J'ai vu tuer Ben Barka. Thriller politique aux accents melvilliens

BRUXELLES Plus de trente ans après L'attentat d'Yves Boisset, Serge Le Péron donne à la fameuse affaire Ben Barka un éclairage nouveau qui révèle bien des détails sur cette fausse énigme qui faillit faire vaciller le pouvoir gaulliste vers le milieu des années soixante. J'ai vu tuer Ben Barka sort en fait tout juste quarante années après les événements. Le titre évoque une déclaration du cinéaste Georges Franju, lequel fut impliqué bien malgré lui, en compagnie de sa consoeur Marguerite Duras, dans l'enlèvement du célèbre opposant marocain alors réfugié en Algérie, mais de passage en France pour y rencontrer ceux qui devaient préparer en sa compagnie un ambitieux documentaire sur l'exploitation des richesses tiers-mondistes par le capitalisme occidental.

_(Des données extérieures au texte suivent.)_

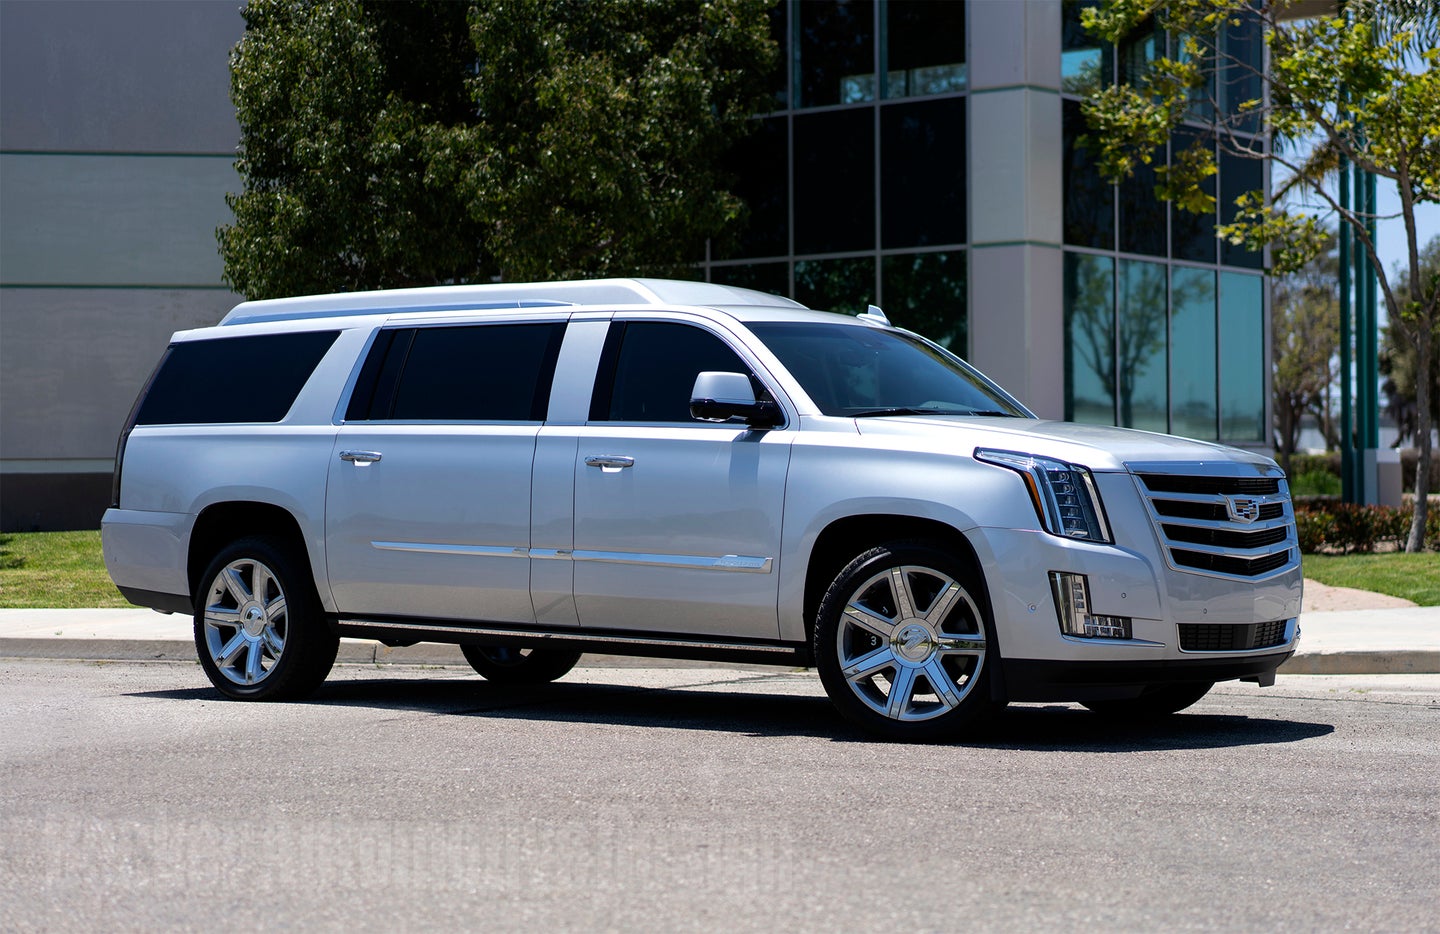 Tom Brady’s Stretched Cadillac Escalade ‘Mobile Office’ Will Set You Back $300,000

Selon la thèse du présent ouvrage, ce projet de film n'était qu'un prétexte pour attirer Ben Barka dans un guet-apens ourdi par les services secrets marocains et la CIA avec la bienveillance des autorités françaises. La victime se laissa convaincre par le pseudo-producteur Georges Figon dont la confession fut publiée en janvier 1966 par L'Express, quelques jours après que l'intéressé, devenu un témoin trop dangereux, ne fut découvert suicidé.

La construction non chronologique du film donne à celui-ci une véritable dimension romantique dans le sens le plus noble de celle-ci. Visiblement passionné par le cinéma d'époque, Le Péron s'est magistralement joué de tous les pièges de la reconstitution historique. Plutôt que de faire exploser les budgets sur les moindres détails, l'auteur de L'affaire Marcorelle a préféré se concentrer sur la valeur de ses comédiens pour nous plonger dans un récit traité avec minutie en dépit de zones d'ombre obligatoires, tant et si bien qu'à l'arrivée, J'ai vu tuer Ben Barka est une belle réussite sur le plan du style, qu'un Melville en personne n'aurait sans doute pas dénigré.

Et l'auteur du Cercle rouge n'aurait certainement pas désapprouvé non plus le choix d'un comédien de la classe de Charles Berling en tête d'une distribution comprenant également Mathieu Amalric, Jean-Pierre Léaud (Franju) et une très surprenante Josiane Balasko en Marguerite Duras. Voilà un petit bijou pour les cinéphiles passionnés de thrillers politiques.